Don Venancio y sus bisnietos
09 junio, 2026 por Marcos González - Epicentro -
8 minutos de lectura

En los días del Mundial de Fútbol 2026, es imposible sustraerse del tema. En Fósforo UNAM quisimos y queremos tocar desde los ángulos del cine a uno de los deportes más populares del planeta. Por esa razón, la sección Epicentro que en cada edición pone en foco los festivales de cine que tanta vida nos dan, en este número siete, dimos esa posición al fútbol. Esa es la razón del brillante texto que aquí entrega Marcos González. Que lo disfruten

 

La bola me agarró de su balón.
Guillermo Briseño. El túnel 29.

Sobrevivir a esta hecatombe de cuerpos, conquista e ideales…
Chris Marker. Soy México.

¿A quién le reza usted, hermano mexicano, en sus horas de angustia frente al espejo? ¿Al patriarca alucinado o al loquito del barrio? Señalemos la cara de la moneda que queremos en nuestro próximo volado. Elijamos bien nuestras palizas.

Ciudad de México, 1944. Venancio ha llegado a escondidas al partido. Rechazó la invitación de sus hijos, pero sucumbió a la tentación. Odia el fútbol. Él mismo ha echado de casa al varón de en medio por negarse a atender el comercio familiar y, en cambio, soñar con una carrera de futbolista. ¡Es el colmo! En la tribuna preferencial lo rodean los miembros de la burguesía española de la capital. Él mismo es asturiano. Viudo. Padre de cinco. Quisiera estar con ellos ahora, pero el orgullo le carcome.

En la tribuna del Asturias profesan menosprecio por los mexicanos de la escuadra rival. Justifican su soberbia por, dicen, haber importado ellos el deporte inglés. En las filas de su conjunto, por supuesto, solo juegan atletas ibéricos. Cerrados también al mundo desde su parte del campo.

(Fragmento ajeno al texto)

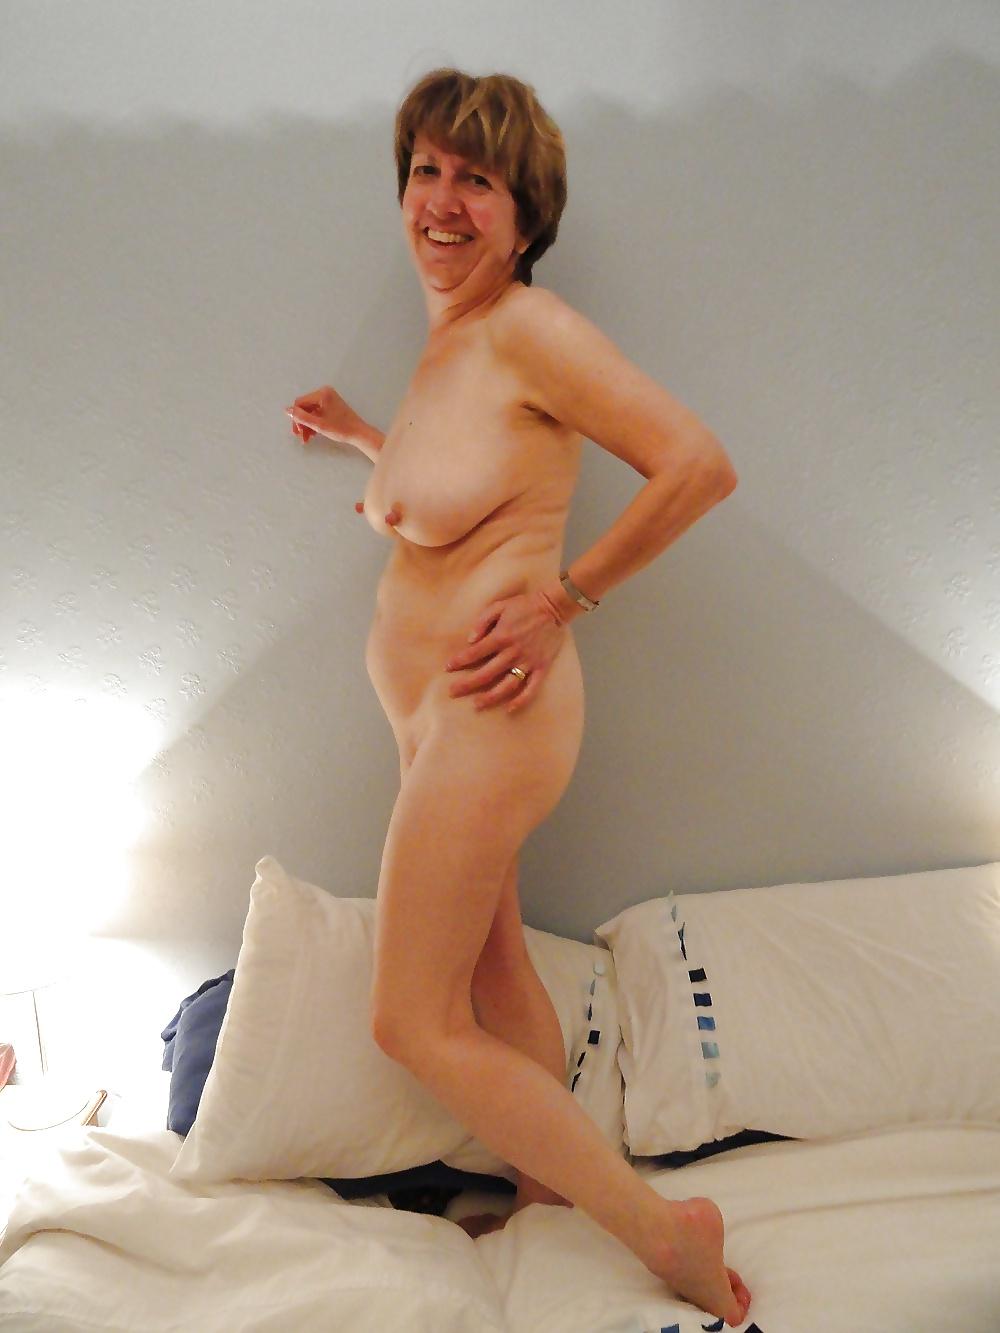 Naken hemmafru

En el estadio abarrotado se disputa la final del torneo. A nivel de gradas se libra una batalla más: el estruendoso intercambio de porras y abucheos. La ventaja la lleva el público rival. Su escuadra: el Atlante, conocido como “el equipo del pueblo”. Por miles, la afición celebra el nombre de su máximo goleador. “¡Horacio!, ¡Horacio!”. El joven en la cancha (interpretado por el entonces ídolo del fútbol Horacio Casarín) es hijo de Don Venancio. En este graderío, poblado por la clase trabajadora, sus hermanos piden a gritos la victoria. Mientras, Venancio debe tragarse el coraje de pasar el partido en la tribuna que lastima su orgullo paterno. No puede evitar sentir un gran honor por el talento de su hijo. Lo defiende ante las ofensas del público que le rodea.

Horacio marca el gol del empate, y él no esconde su gran entusiasmo. Pero el partido es tenso. A pocos minutos del silbatazo final, el goleador del Atlante toma vuelo para hacer una jugada de gol, pero un brutal golpe, ¡falta del jugador adversario!, lo abate. Intenta levantarse, pero el cuerpo no le da. Venancio corre en su auxilio. Horacio escucha a su padre gritarle entre el público. Es el ánimo que necesita para erguirse y salvar el partido. Se levanta y anota el gol que lleva al triunfo al Atlante.

Horacio (interpretado por el futbolista Horacio Casarín), uno de los hijos de don Venancio. Cortesía: Centro de Documentación Filmoteca UNAM.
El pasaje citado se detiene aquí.